### Task to complete
With the pictures removed, set down all of the entries below exactly.

### Data to examine
_ _ _
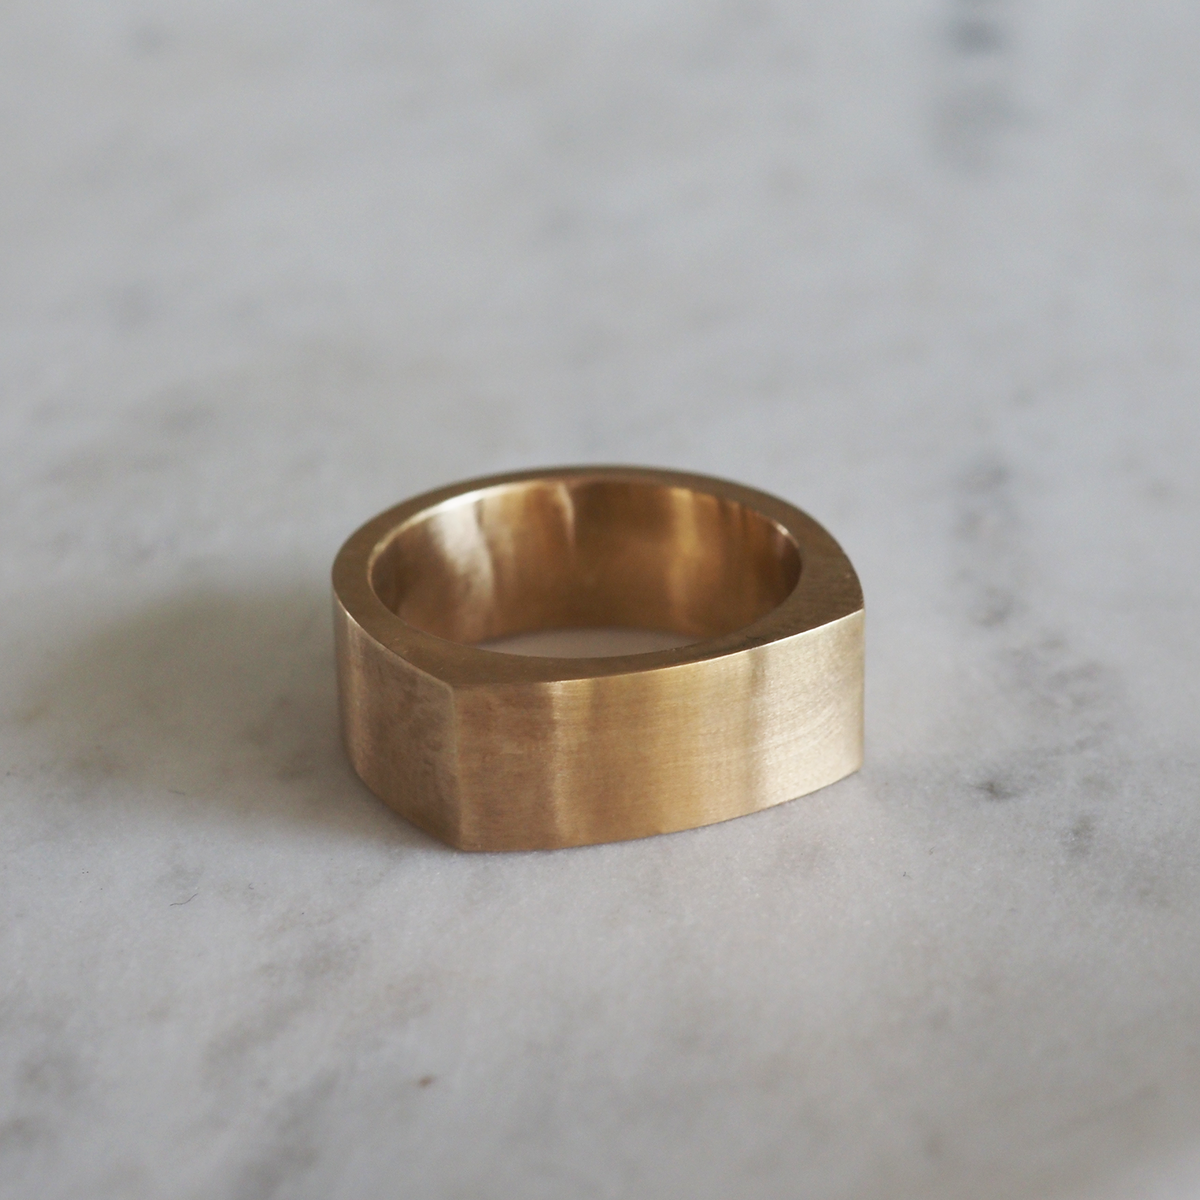 A modern flat top wedding band, designed for comfort and simplicity in 9ct yellow gold 
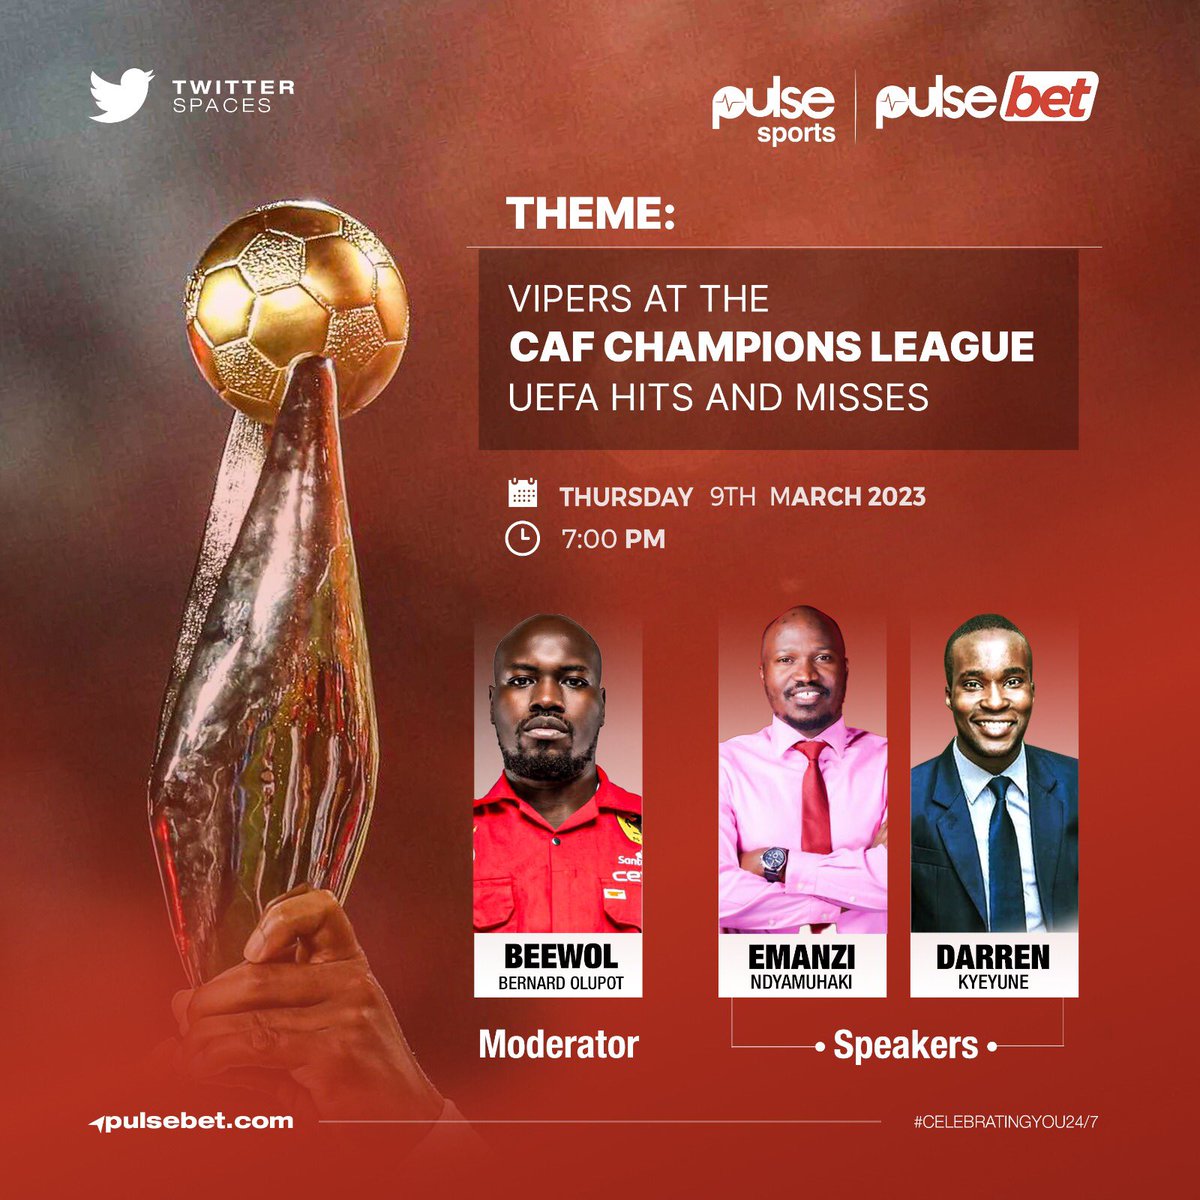 Twitter space alert 🚨 
Tomorrow @pulsebetuganda , we shall be talking “Vipers at the #CAFChampionsLeague , the UEFA hits and misses” don’t miss out on  @Emanzi20 & @AllanDarren on the space that will be moderated by @beewol 
#PulseBetUg
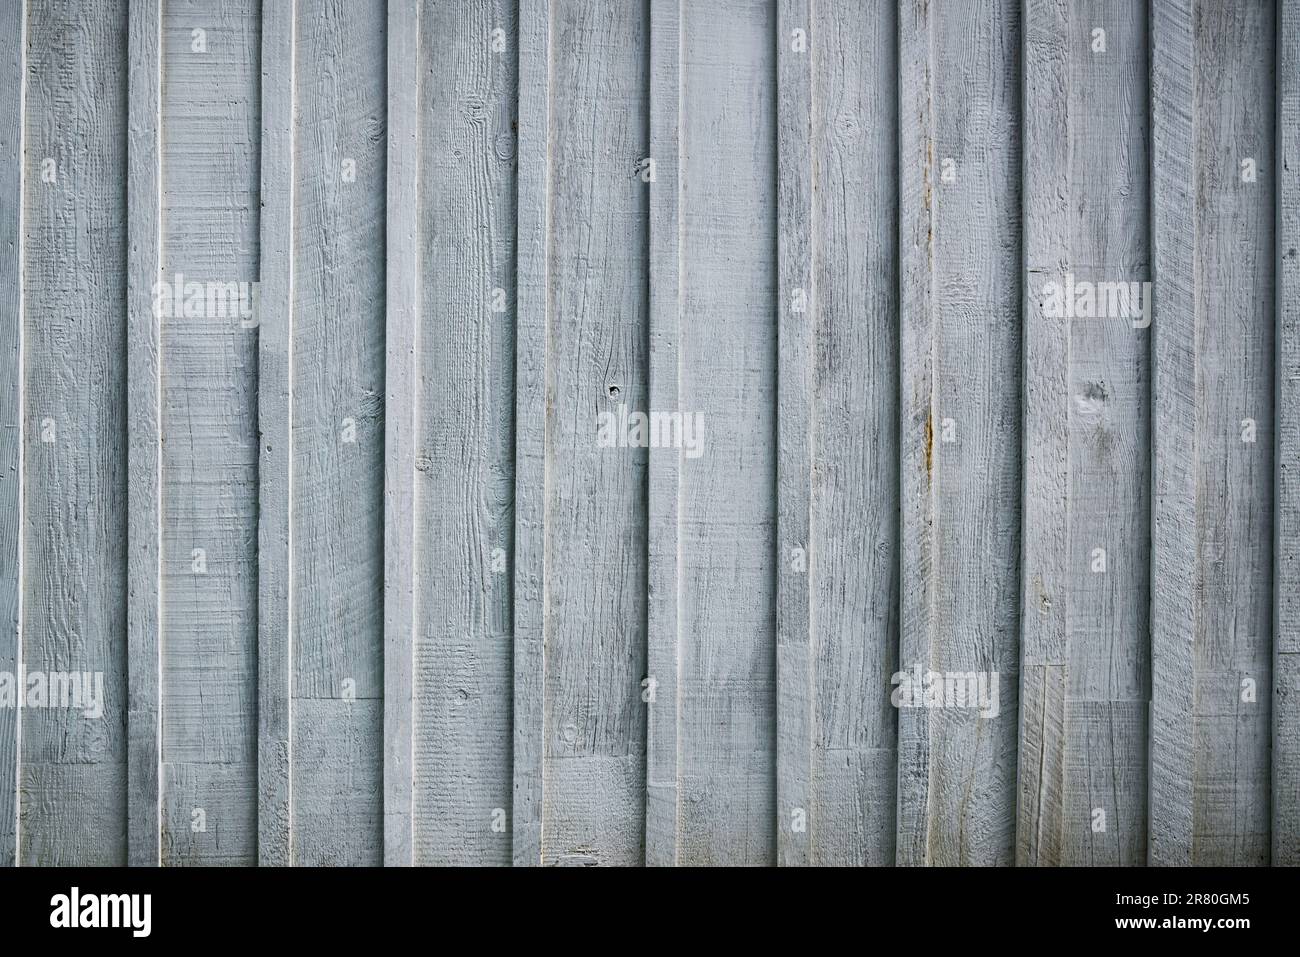 Rustic gray vertical wood plank  wall background Stock Photo
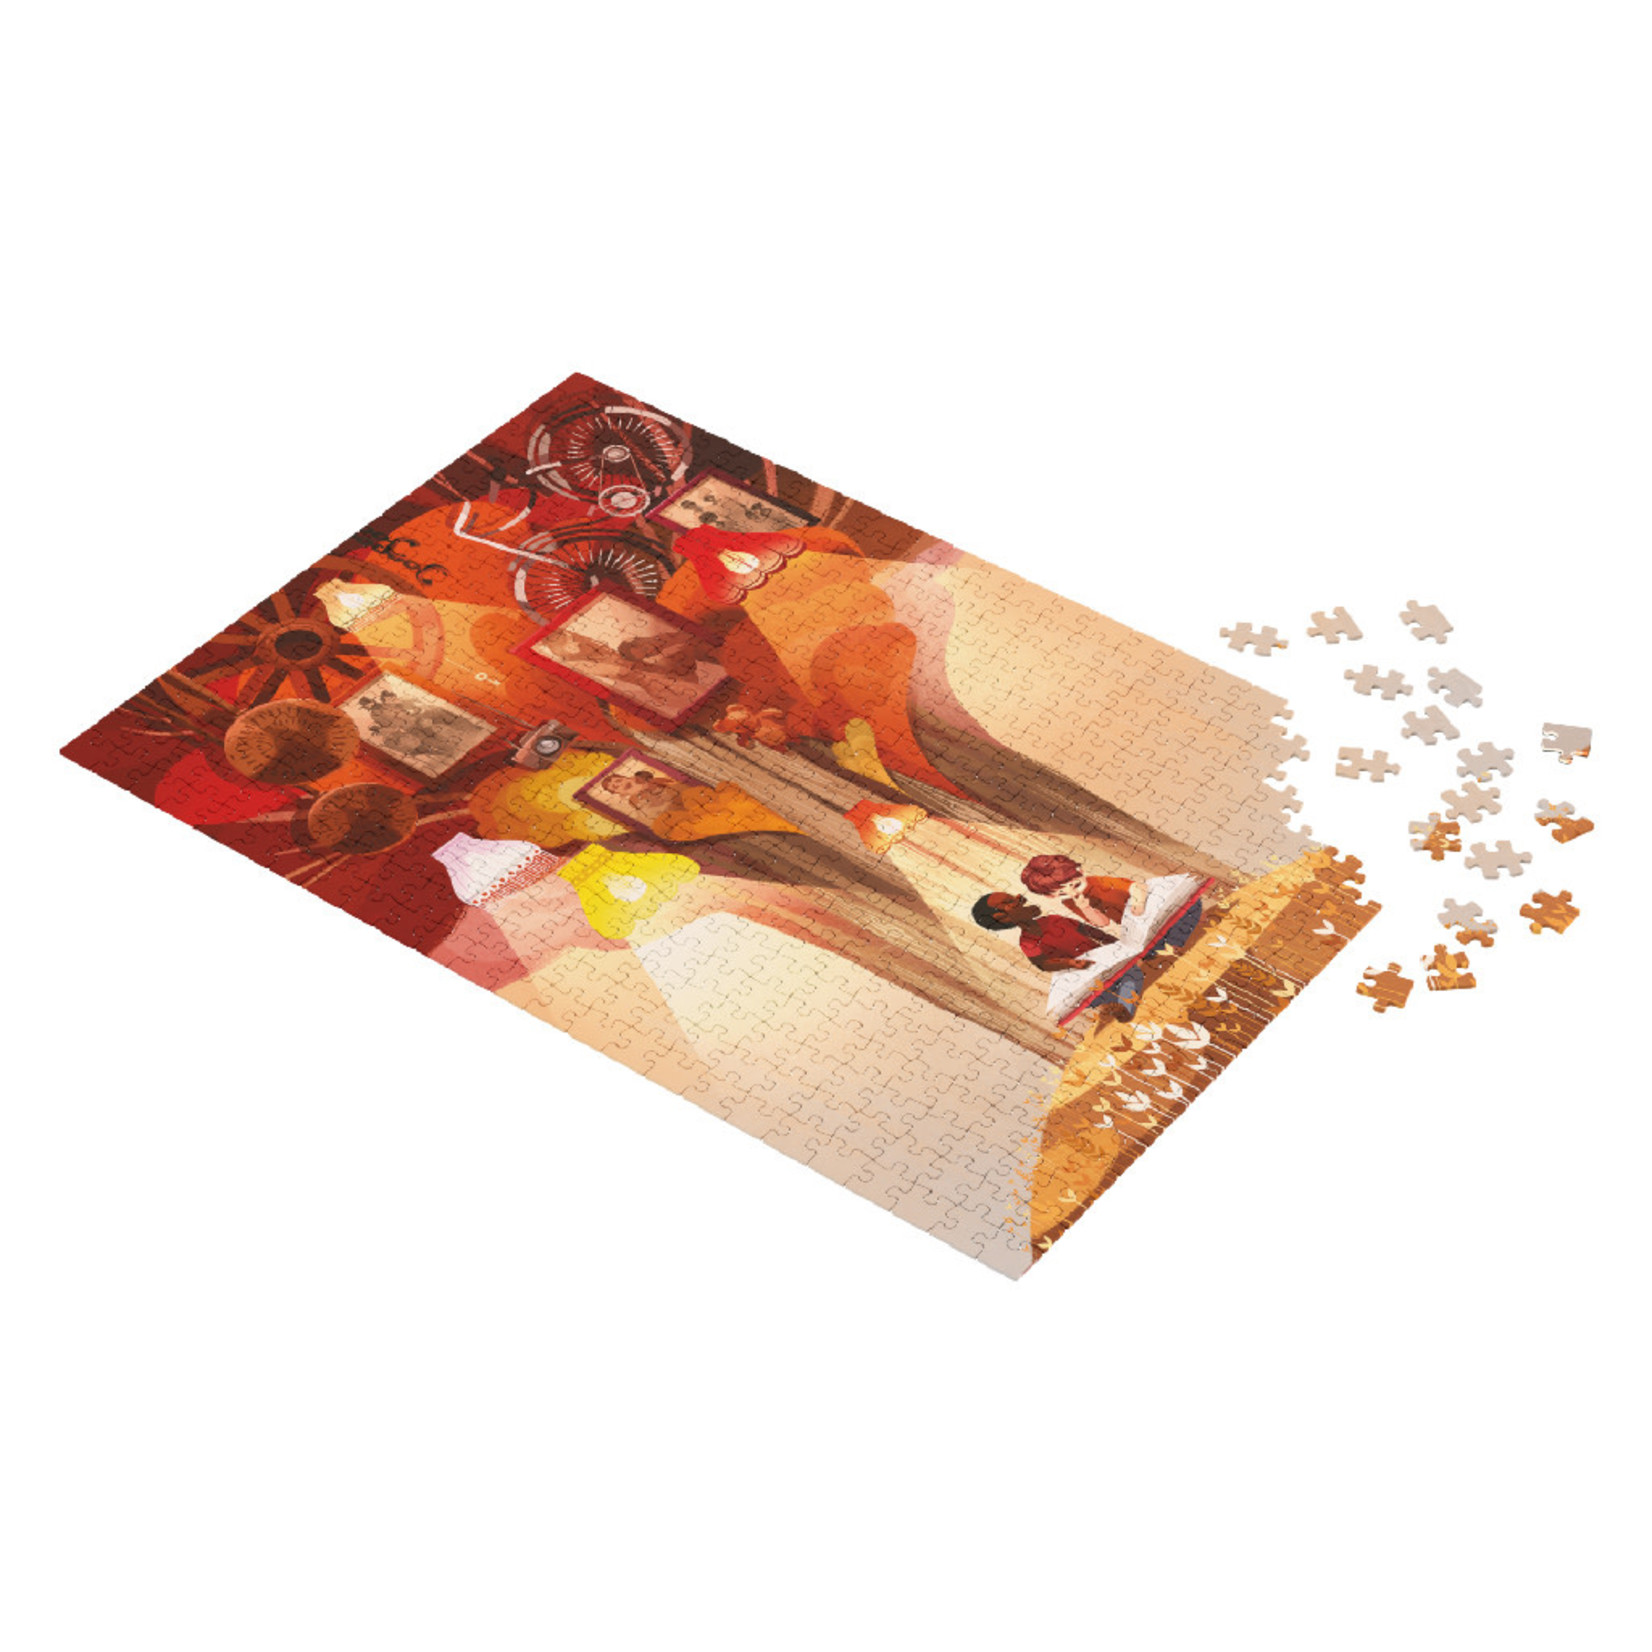 Libellud Dixit 500 piece Puzzle: Family
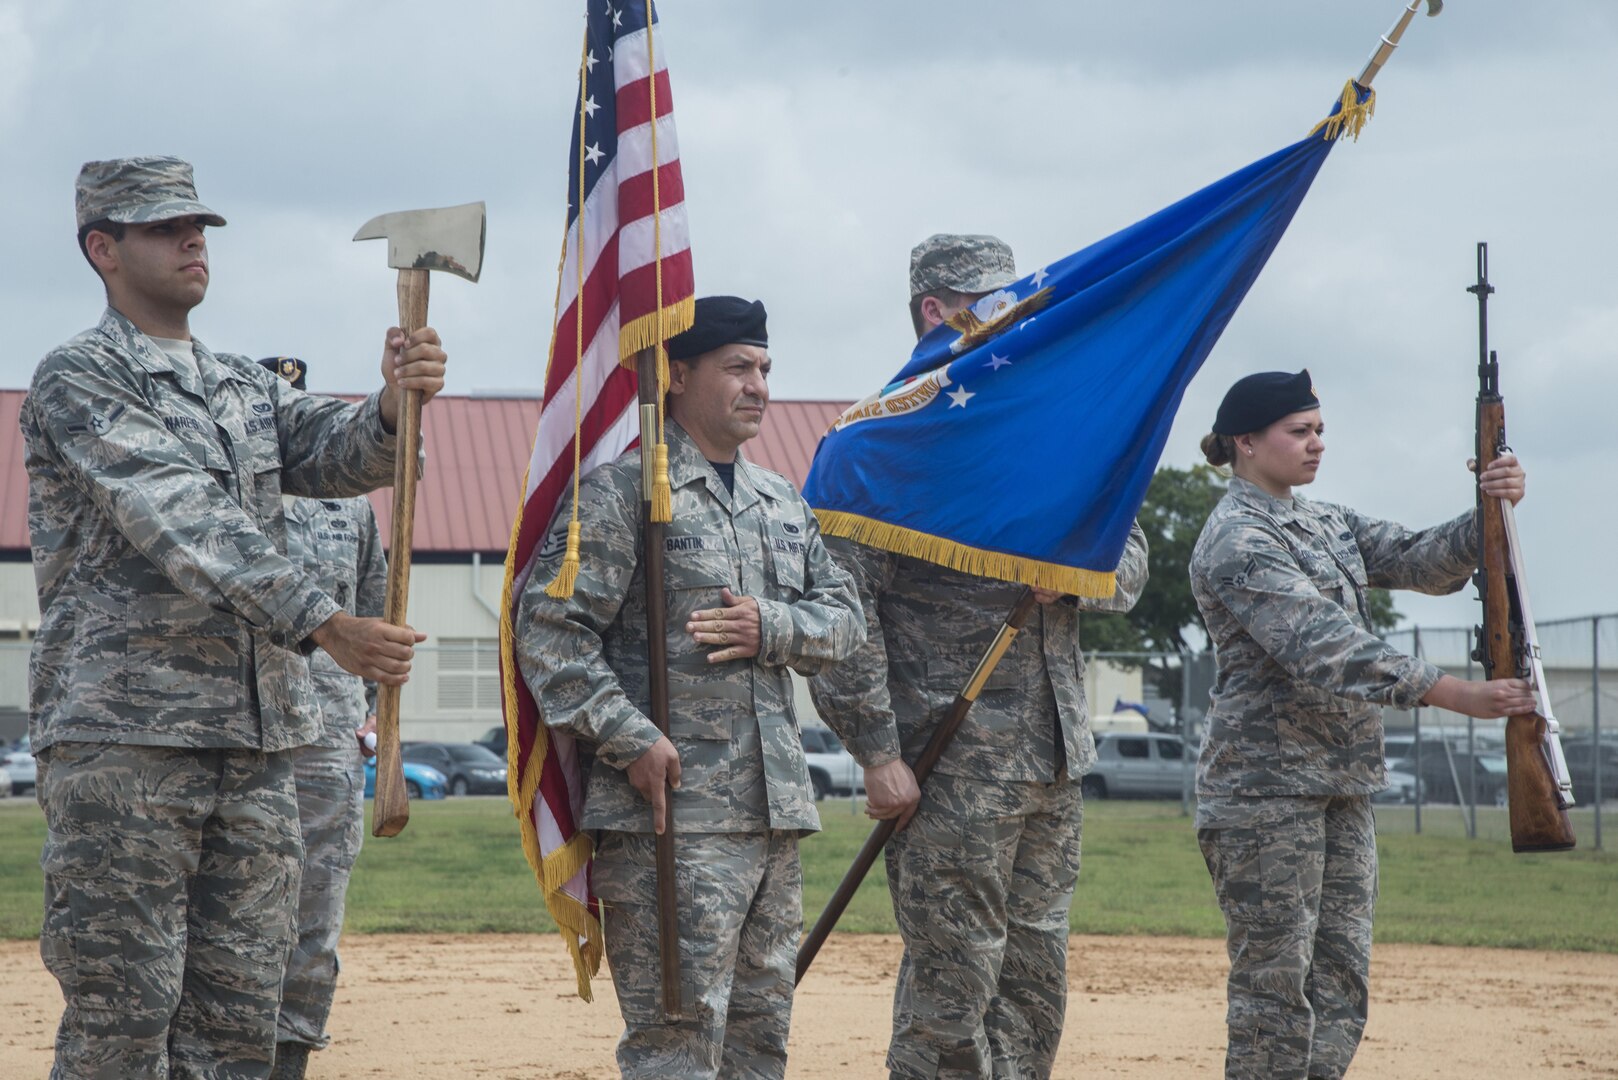 Airman Evan Nares, 502nd Civil Engineer Squadron firefighter, Staff Sgt. Fredric Bantin, 902nd Security Forces Squadron entry controller, Senior Airman Corey Lindner, 502nd CES firefighter, and Airman 1st Class Rose Dror, 902nd SFS entry controller, present the colors during an honor guard ceremony for beginning of the 2015 Joint Base San Antonio Battle of the Badges Sept. 11, 2015, at JBSA-Randolph. Battle of the Badges takes place each year to build camaraderie, espirit de corps and cohesion among JBSA first responders through various competitive challenges based on their daily mission readiness requirements.
_ _ _
### Output for this exercise
 A modern flat top wedding band, designed for comfort and simplicity in 9ct yellow gold 
 Twitter space alert 🚨 
Tomorrow @pulsebetuganda , we shall be talking “Vipers at the #CAFChampionsLeague , the UEFA hits and misses” don’t miss out on  @Emanzi20 & @AllanDarren on the space that will be moderated by @beewol 
#PulseBetUg
 Rustic gray vertical wood plank  wall background Stock Photo
 Libellud Dixit 500 piece Puzzle: Family
 Airman Evan Nares, 502nd Civil Engineer Squadron firefighter, Staff Sgt. Fredric Bantin, 902nd Security Forces Squadron entry controller, Senior Airman Corey Lindner, 502nd CES firefighter, and Airman 1st Class Rose Dror, 902nd SFS entry controller, present the colors during an honor guard ceremony for beginning of the 2015 Joint Base San Antonio Battle of the Badges Sept. 11, 2015, at JBSA-Randolph. Battle of the Badges takes place each year to build camaraderie, espirit de corps and cohesion among JBSA first responders through various competitive challenges based on their daily mission readiness requirements.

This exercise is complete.